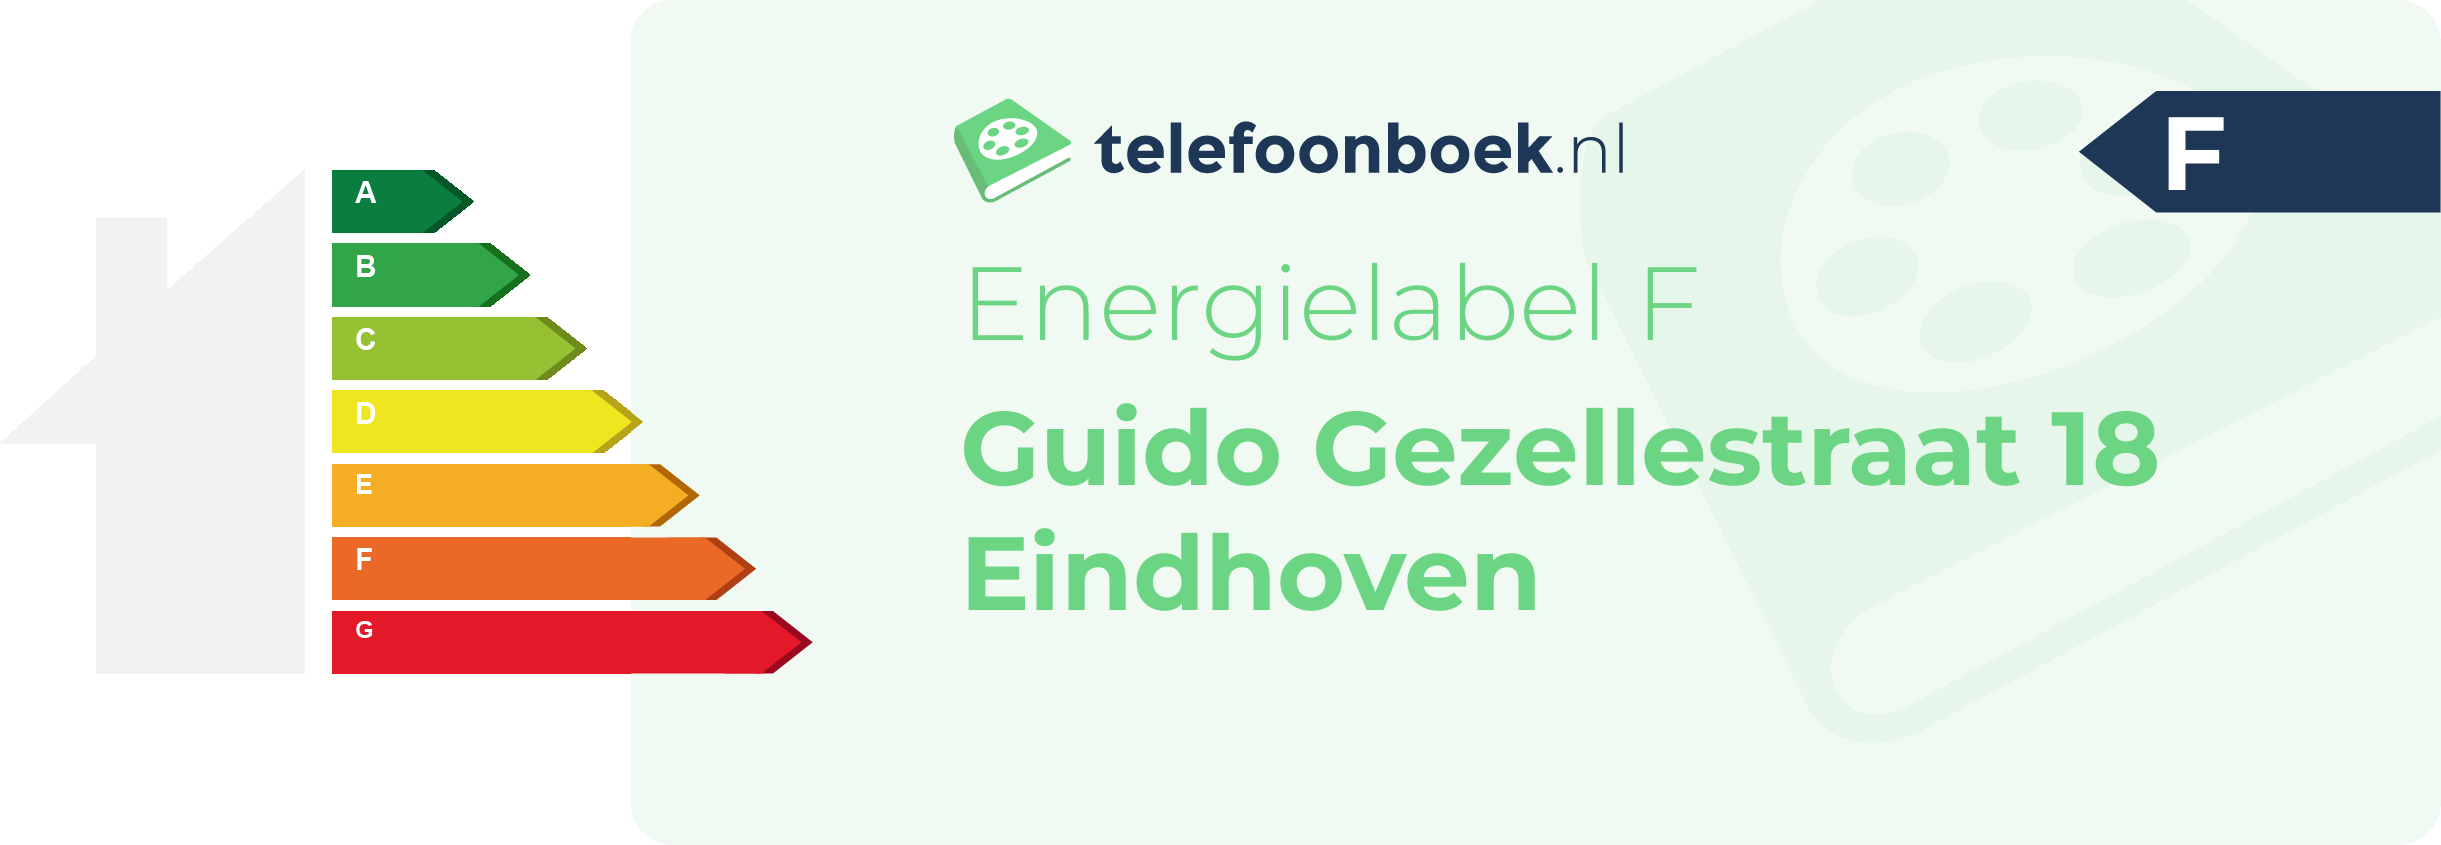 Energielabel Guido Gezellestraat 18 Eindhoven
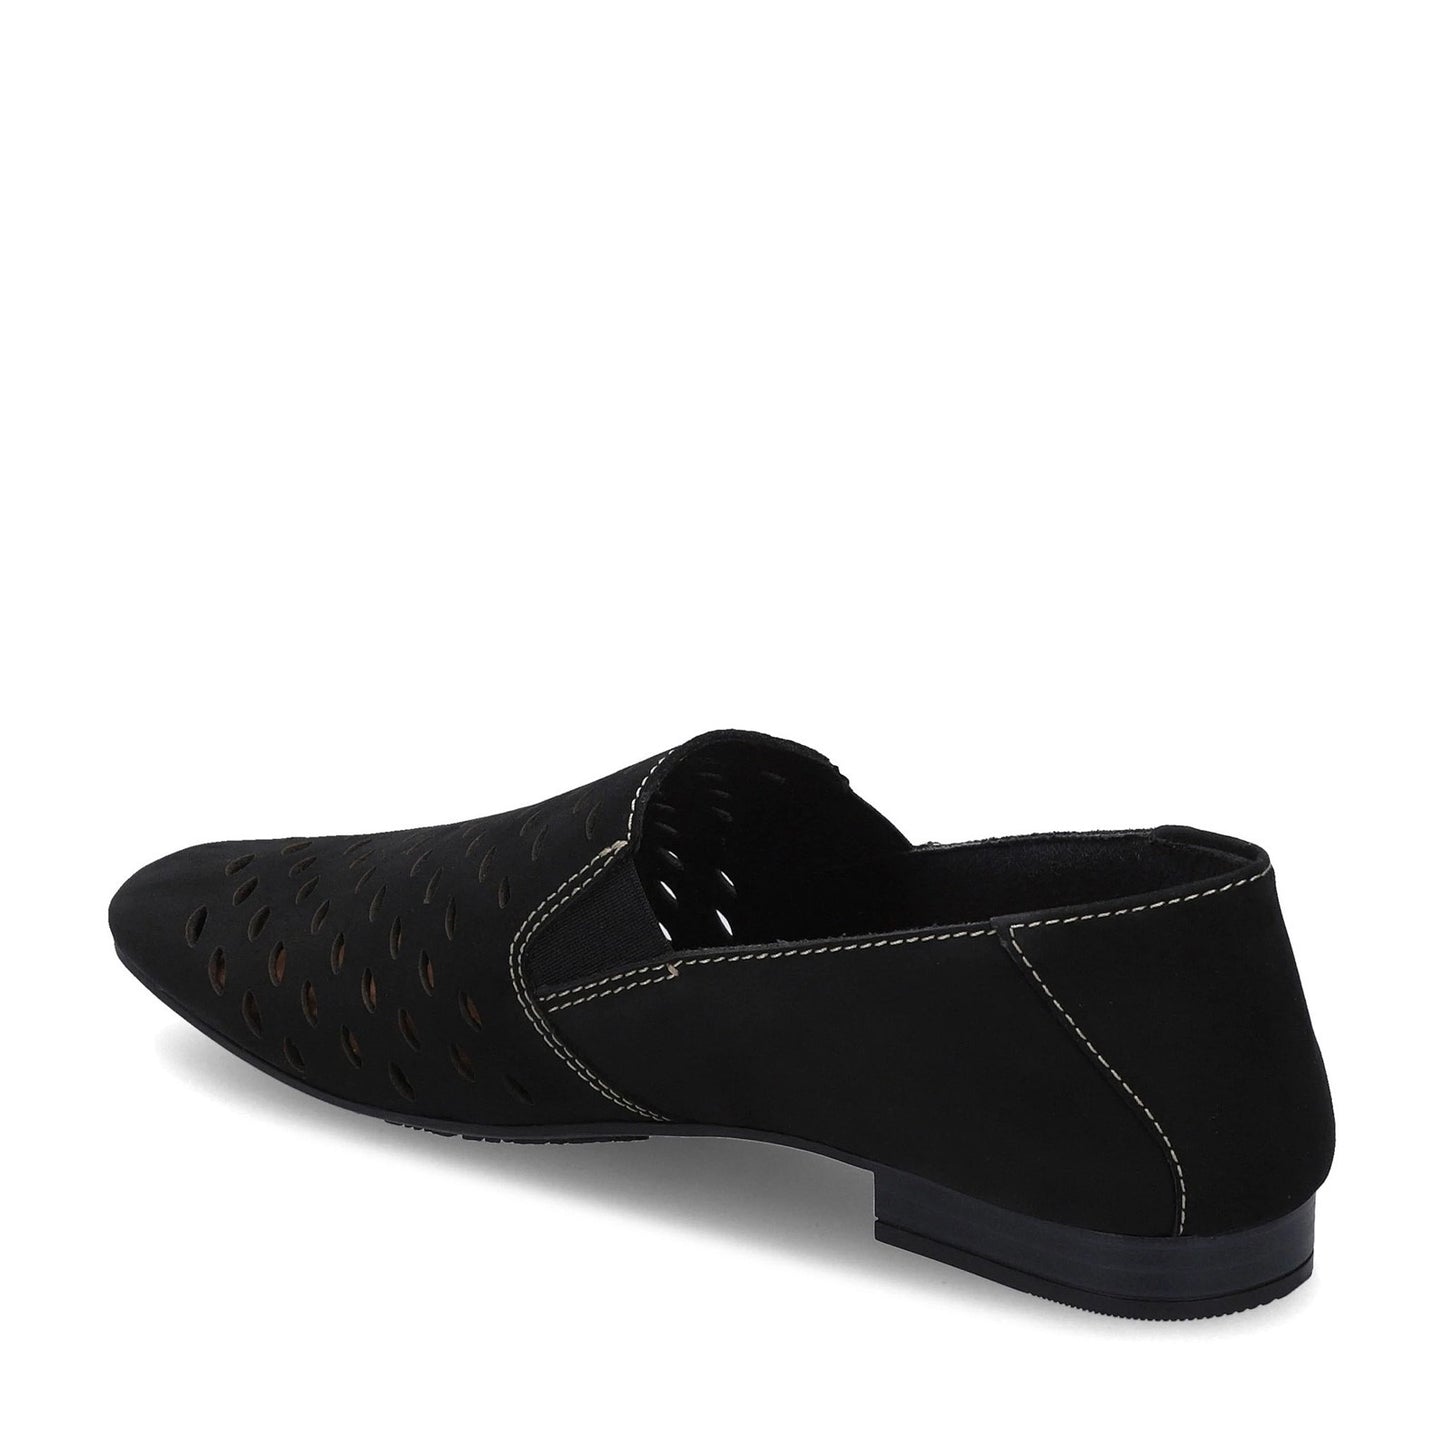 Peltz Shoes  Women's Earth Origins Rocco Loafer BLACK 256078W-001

==

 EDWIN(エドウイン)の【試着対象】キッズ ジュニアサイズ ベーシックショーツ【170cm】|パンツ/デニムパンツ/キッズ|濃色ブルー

==

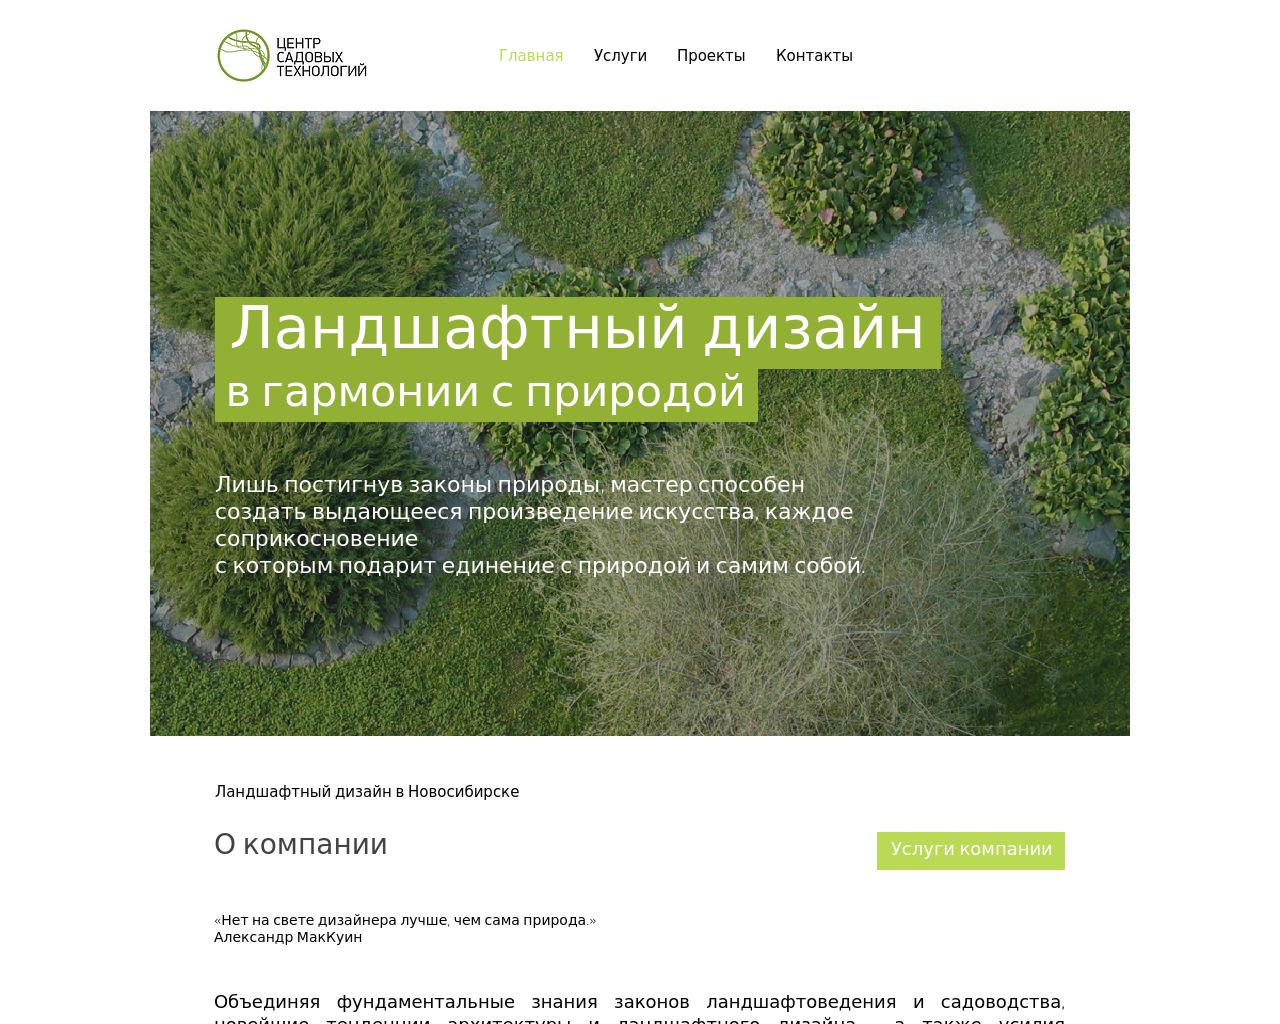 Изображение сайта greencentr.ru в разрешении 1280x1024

Task prompt »
Starting at the line above that holds "Energielabel Guido Gezellestraat", return each line up to and including the one that holds "Loafer BLACK 256078W-001", exactly as written, minus any pictures.

Exercise response »
 Energielabel Guido Gezellestraat 18 Eindhoven
 Peltz Shoes  Women's Earth Origins Rocco Loafer BLACK 256078W-001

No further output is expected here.